Hi! I’m currently working on a project where there’s a need to have the client (browser) connecting through WebRTC to RealtimeAPI and the backend to connect with WebSockets using the same sessionId to perform operations as the user talks in the client.
Is this something that can be done? I already managed to connect the client with WebRTC and the server with WS to the same sessionId as the client but the WS never gets events for “message” rather than the “session.created” one.
I mean an endpoint in the cloud that takes a sessionId param and stablishes a WS connection with that sessionId with Realtime.
So, the user will have the conversation in the browswer through WebRTC and the server in the cloud will be performing tasks according to the text transcripts from the WS connection to the same session.
I think you mean a relay server? This is absolutely possible. I’ve done this with my project (Though it is WSS (Client) - WSS (Relay Server) - WSS (OpenAI), I don’t use WebRTC but it should be possible as well).
You just pass all the raw base64 encoded audio frames to the relay server which then sends it to the OpenAI websocket.
I think this is about listening to the events from a connection between the user and the Realtime API service from the backend.

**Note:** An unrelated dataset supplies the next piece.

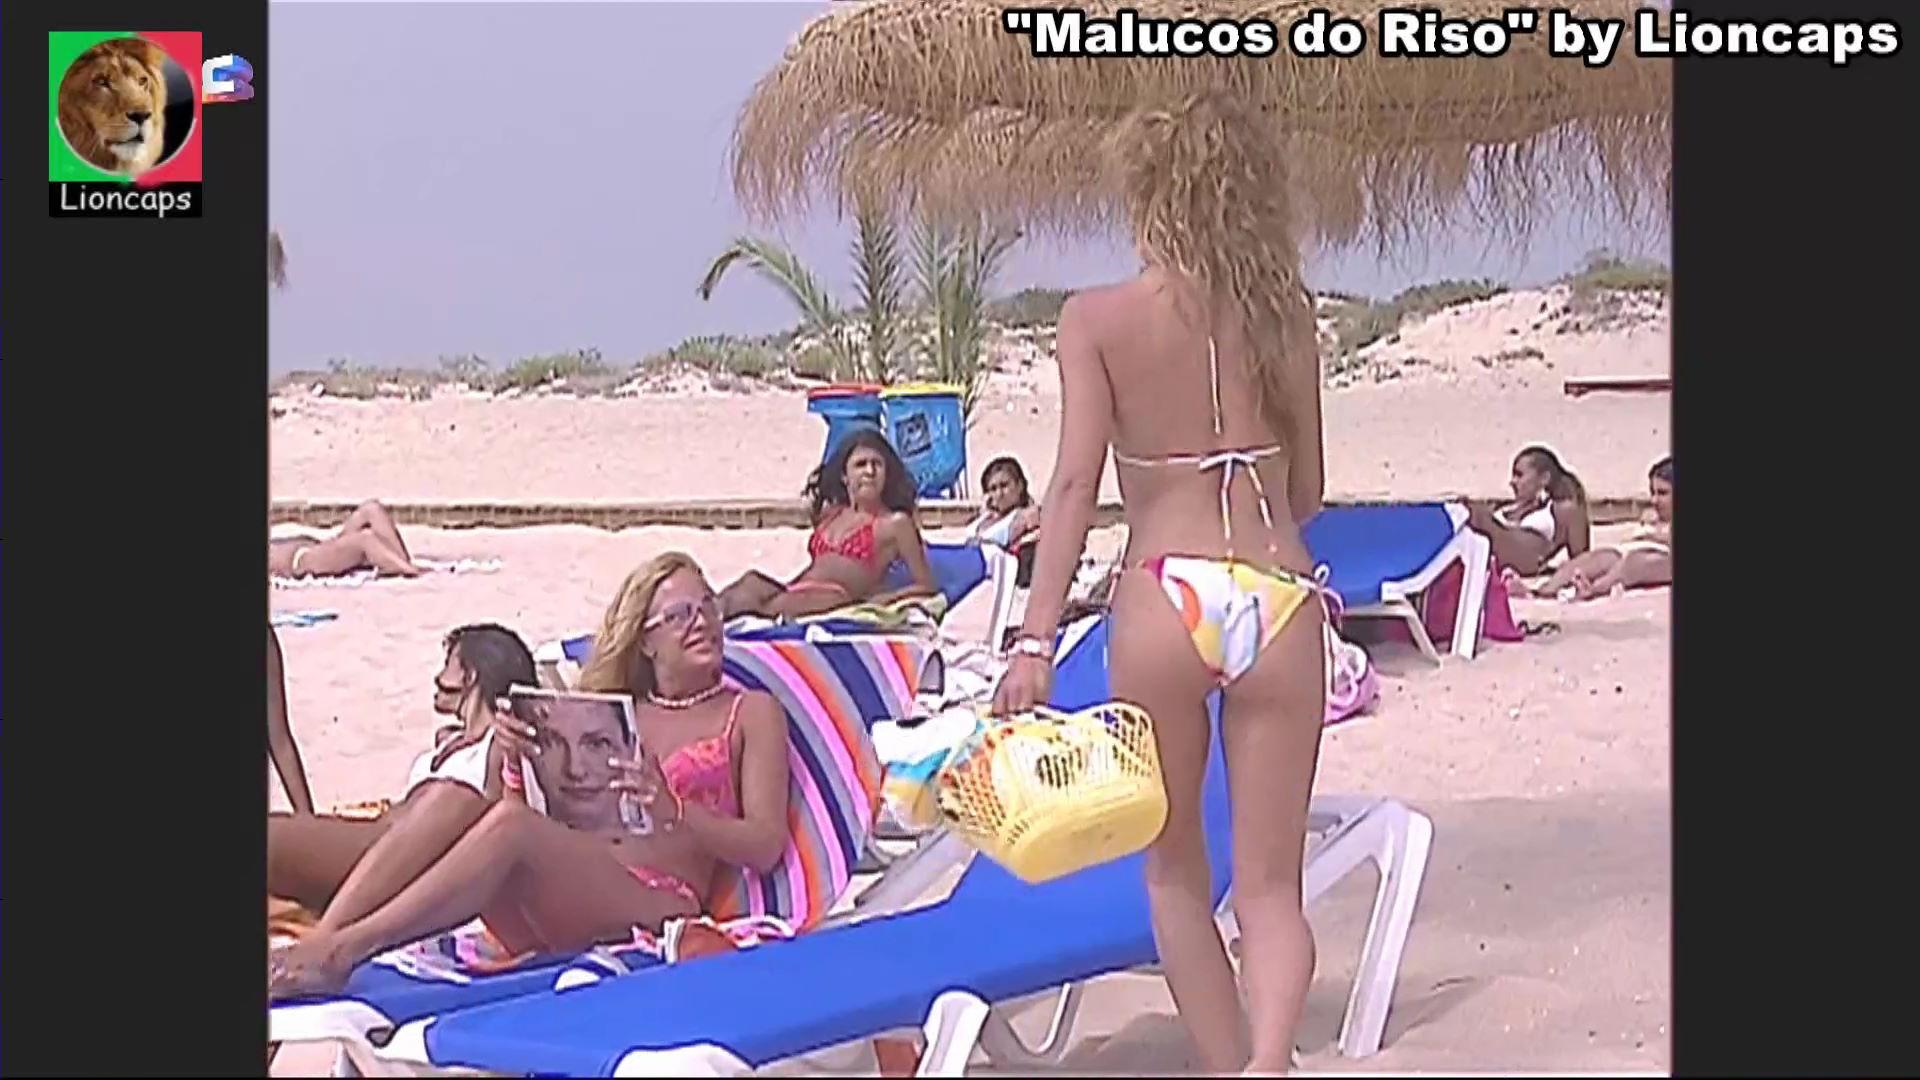 947517479_malucos_riso_alda_gomes_vs190malucos_riso_602_15079_122_113lo.JPG

This makes sense because, if frontend has the session token and with this token they can update the settings of the object created from backend, then they could abuse it without backend noticing it, no?
Agreed. A relay server would be the only option. You’d need a “dummy” client that sits in the WebRTC channel to collect and distribute all the packets of the data.

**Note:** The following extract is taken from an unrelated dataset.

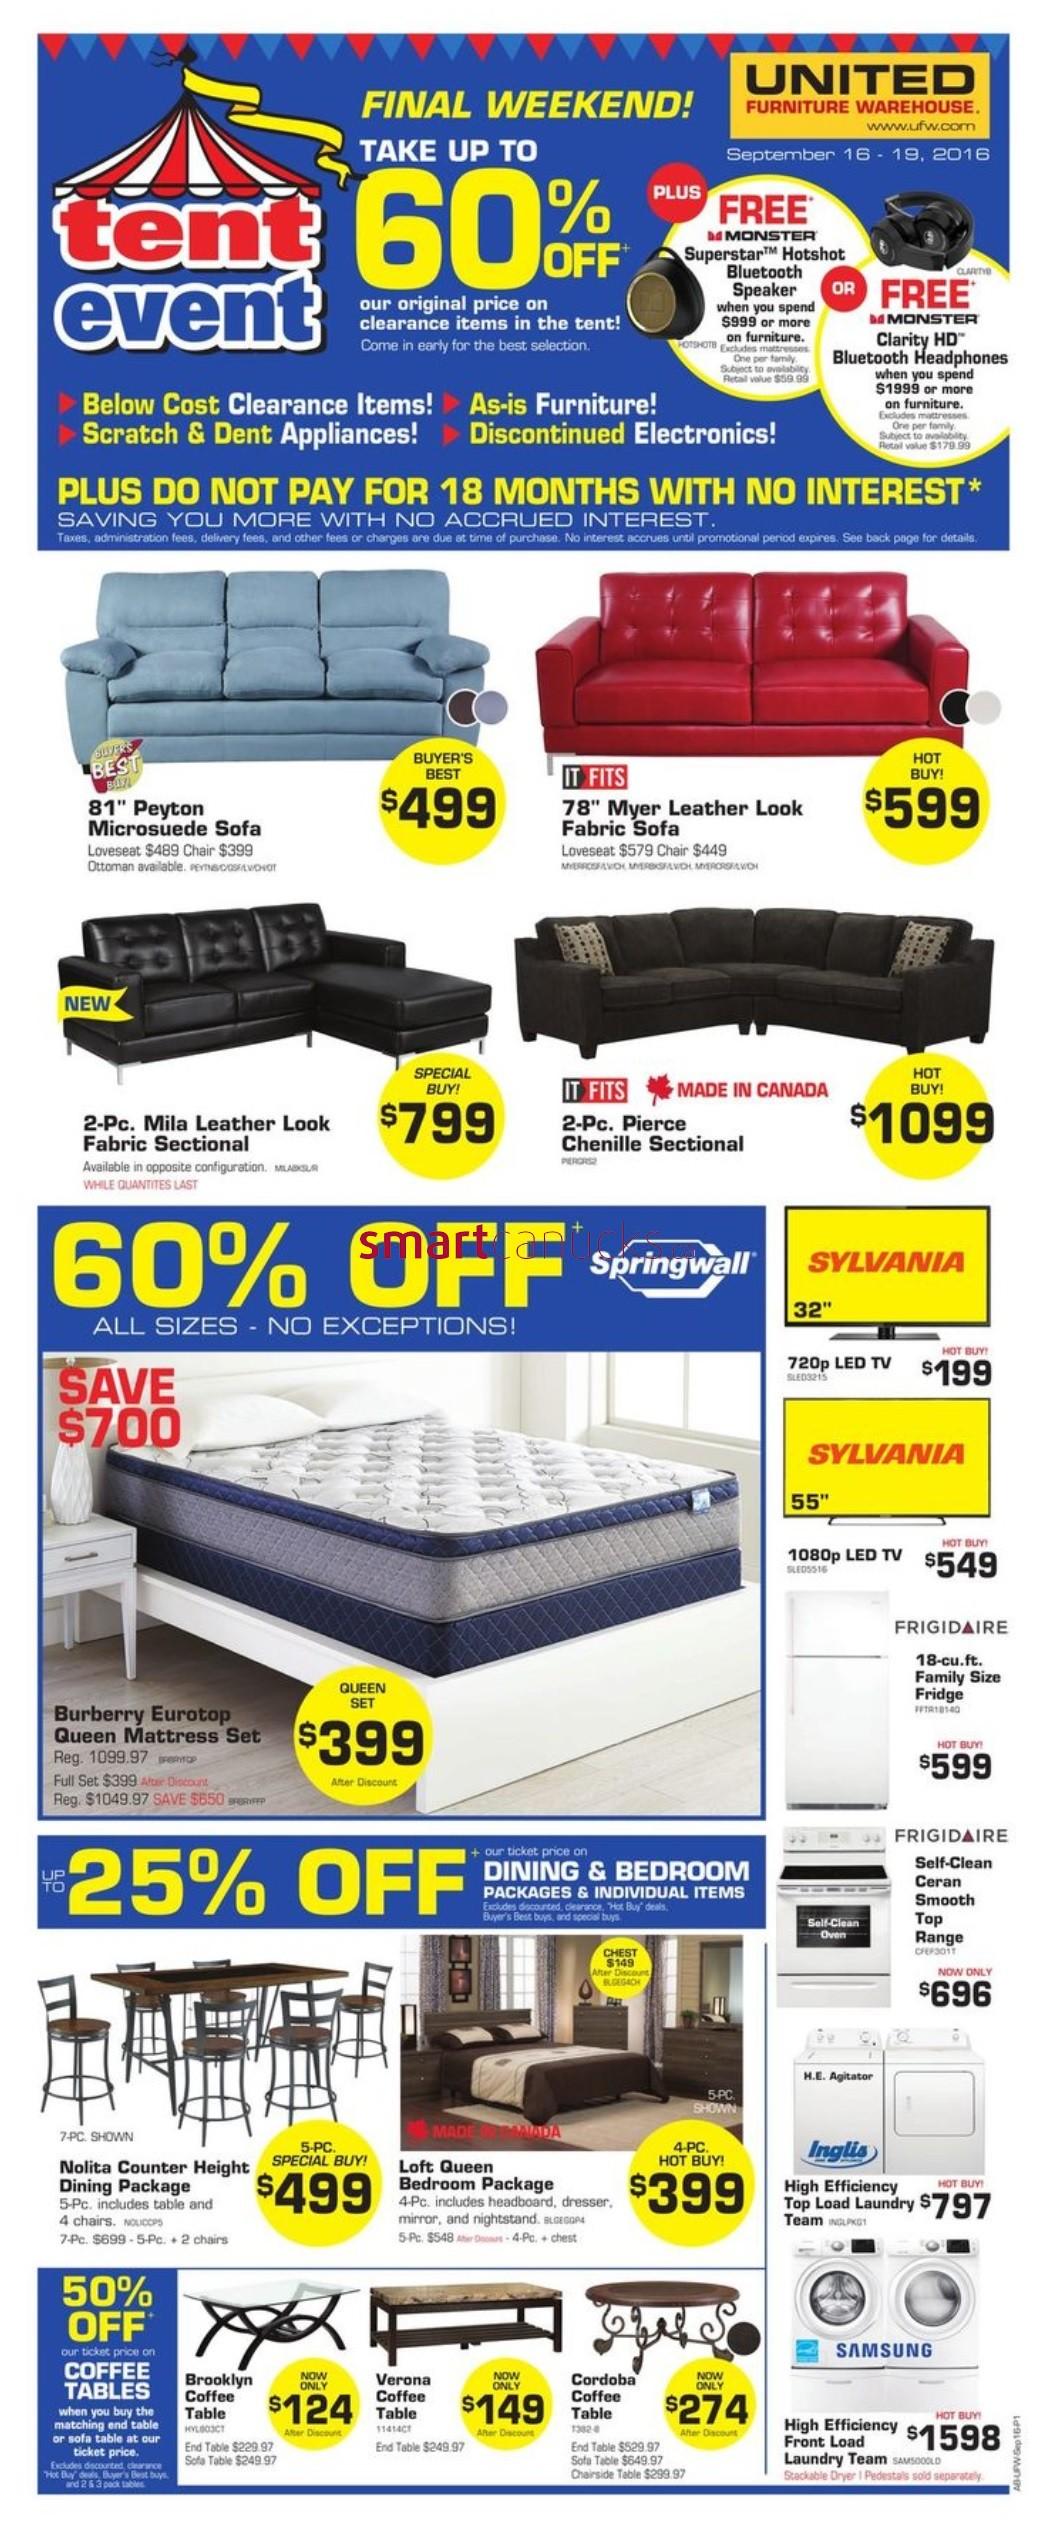 united furniture warehouse flyer september 16 to 19

There’s something I don’t understand, if the server can never listen to the events of a session it created, wouldn’t this open vulnerabilities? For example:
Client requests a session_id from server
Server uses API key to create the session with a set of parameters
Gives it back to client
Client uses this session_id to abuse the session (e.g. increases the max tokens allowed and used model)
Server cannot know this because there’s no way to listen to the session
As far as I understand it, it technically would be listening.
All the information would be passed from the dummy client in the WebRTC channel to the WebSocket server. I’m not sure how plausible this whole scenario is (latency wise), but it’s an option
If there’s this dummy RTC, it’d be on backend and frontend would talk to this, no?
It would double the latency in theory. I don’t know if this is something that’s noticeable by the user, but it is twice as many events.
I feel like the obvious way to do this is to let frontend have a direct connection with the Realtime API with the session token, but restricting it from changing the settings or at least letting backend know if the session has been updated.
I don’t understand the point of having a session token pattern if we still have to connect backend directly, we could just use the API Auth token. That’s why I think I might be missing something.
There is no traditional “back-end” for WebRTC besides usually server(s) that facilitate connection and sometimes media transfer. That’s the purpose of it: direct p2p communications. The OpenAI libraries (AFAIK) abstract away all the complexities of handling these protocols.
I’m approaching this question purely from a WebRTC → Websocket perspective, and not including the libraries that make it easier to manage, maybe that’s where the disconnect is happening?
I’m gathering that your reference to the “back-end” is the OpenAI server.
There is a expiration time associated with the ephermeral key. This means the user cannot run-away (forever) with examining the source in browser.
The fact that one cannot read whether the session has been updated or not kind of sucks. For the moment then, you can offer this service to someone you trust. After some time (weeks/months), I am relatively sure that OpenAI will give read level api access
I understand this, but traditional backend creates the session token (ephemeral key) and serves it to the frontend to connect to OpenAI’s WebRTC.
Sorry if I was not being clear. The way that I picture a real service using this is something like
User wants to have a voice conversation in frontend
Backend calls OpenAI’s POST and gets the sessionID with some settings
Hands it back to the frontend
Frontend connects directly to OpenAI’s Realtime API using the session token to establish a WebRTC connection
Then, the traditional backend that owns the OpenAI’s auth key doesn’t know how frontend is using this. I get it for privacy reasons, but I’d expect for backend to be able to tell if the settings of the session object are being changed, which is possible according to the docs. They could change things like that max output tokens, the instructions, model, and some other stuff. Is this less sensitive than I think?